Hating a mother to the point of shrugging off her death is something interesting to explore, especially through the prism of a public figure who is expected to grieve publicly about such things. But it’s jarring to see it explored so brutally, especially in the actual death scene.
Selina is annoyed when she learns it could take hours for her mother to actually pass once life support is ended. When it’s time to say goodbye, it’s not just that she can’t muster any tears. She can’t even muster anything to say.
When she learns, seconds later, that the ballot recount that could help her win Nevada was approved, she starts celebrating and crying tears of joy. The contrast between that elation and her indifference to her own mother’s death could make a character—the lead character or otherwise—irredeemable in the eyes of an audience.
But Louis-Dreyfus pulls it off.
“That mix of laugh, almost crying hysteria—name me another human that can play that,” Mandel says.
More precarious a performance, perhaps, is when Selina realizes that the public’s assumption that she’s grieving is actually doing wonders for her polling numbers. The “death bump,” it’s called. And so she begins to capitalize on it, using the well-wishers keeping vigil outside her mother’s house for a photo op.

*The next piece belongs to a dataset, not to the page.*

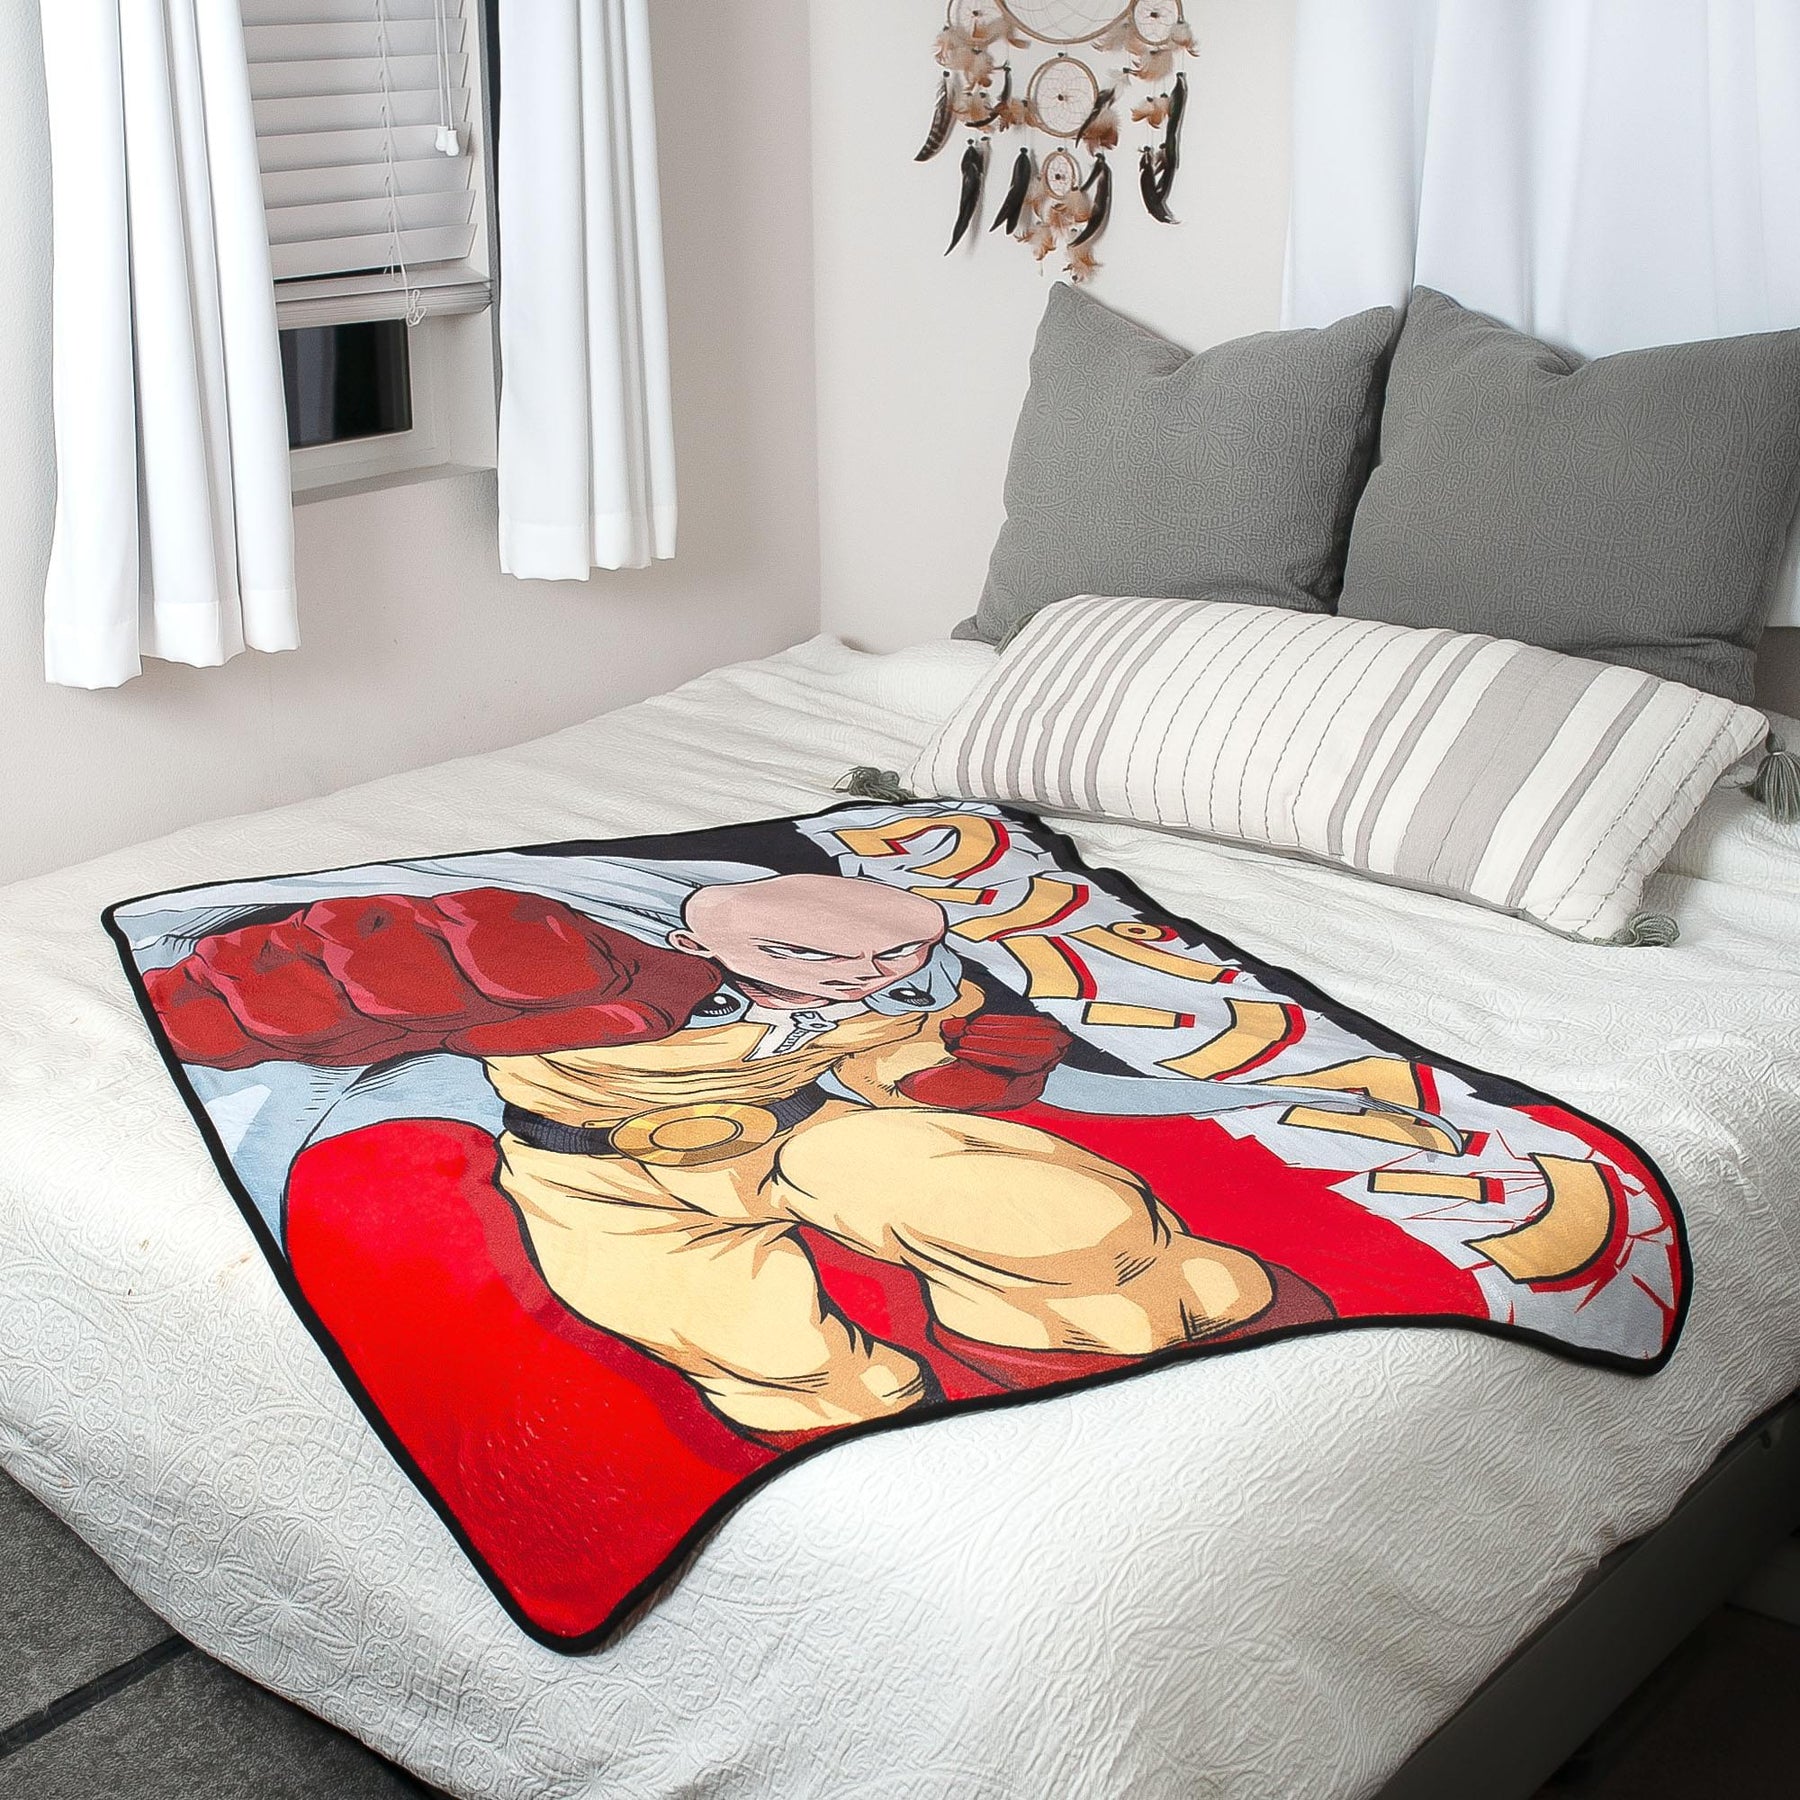 One-Punch Man Fleece Throw Blanket | 45 x 60 Inches

It’s only seconds before Selina has to give the eulogy at the funeral, and she learns that she lost the Nevada recount and thus the popular vote in the election, that she begins crying. Weeping, even.
The whole episode reveals another layer to the extent that Selina Meyer isn’t, at least in the traditional sense, a good person. But is there ever a concern that she might be too bad of a person?
“Absolutely,” Mandel says. “But I think if we’re not concerned about that then we’re not doing our jobs. If we’re not willing to get to that line, then we’re pulling back somehow. When you watch that episode, she says some horrible things but you feel terrible for her because I think you understand why she’s saying them.”
Her behavior shows just how invested she is in her professional life. And it’s not that it’s at the expense of her personal life. It’s that her personal life is more complicated than we knew. If anything, Selina’s reaction to her mother’s death hints at how she became the way she is.
Especially in how Selina can’t stomach her daughter Catherine’s reaction to the news, mocking her sadness and avoiding comforting her, you see the full circle that may have begun with Selina’s own mother. She complains that her mother always either criticized or ignored her—just as she does the entire episode to Catherine.
“It’s Veep’s take on death, and hopefully it gives you everything you want out of Veep’s take on death,” Mandel says. “That it’s uncomfortable and funny as I wanted it to be.”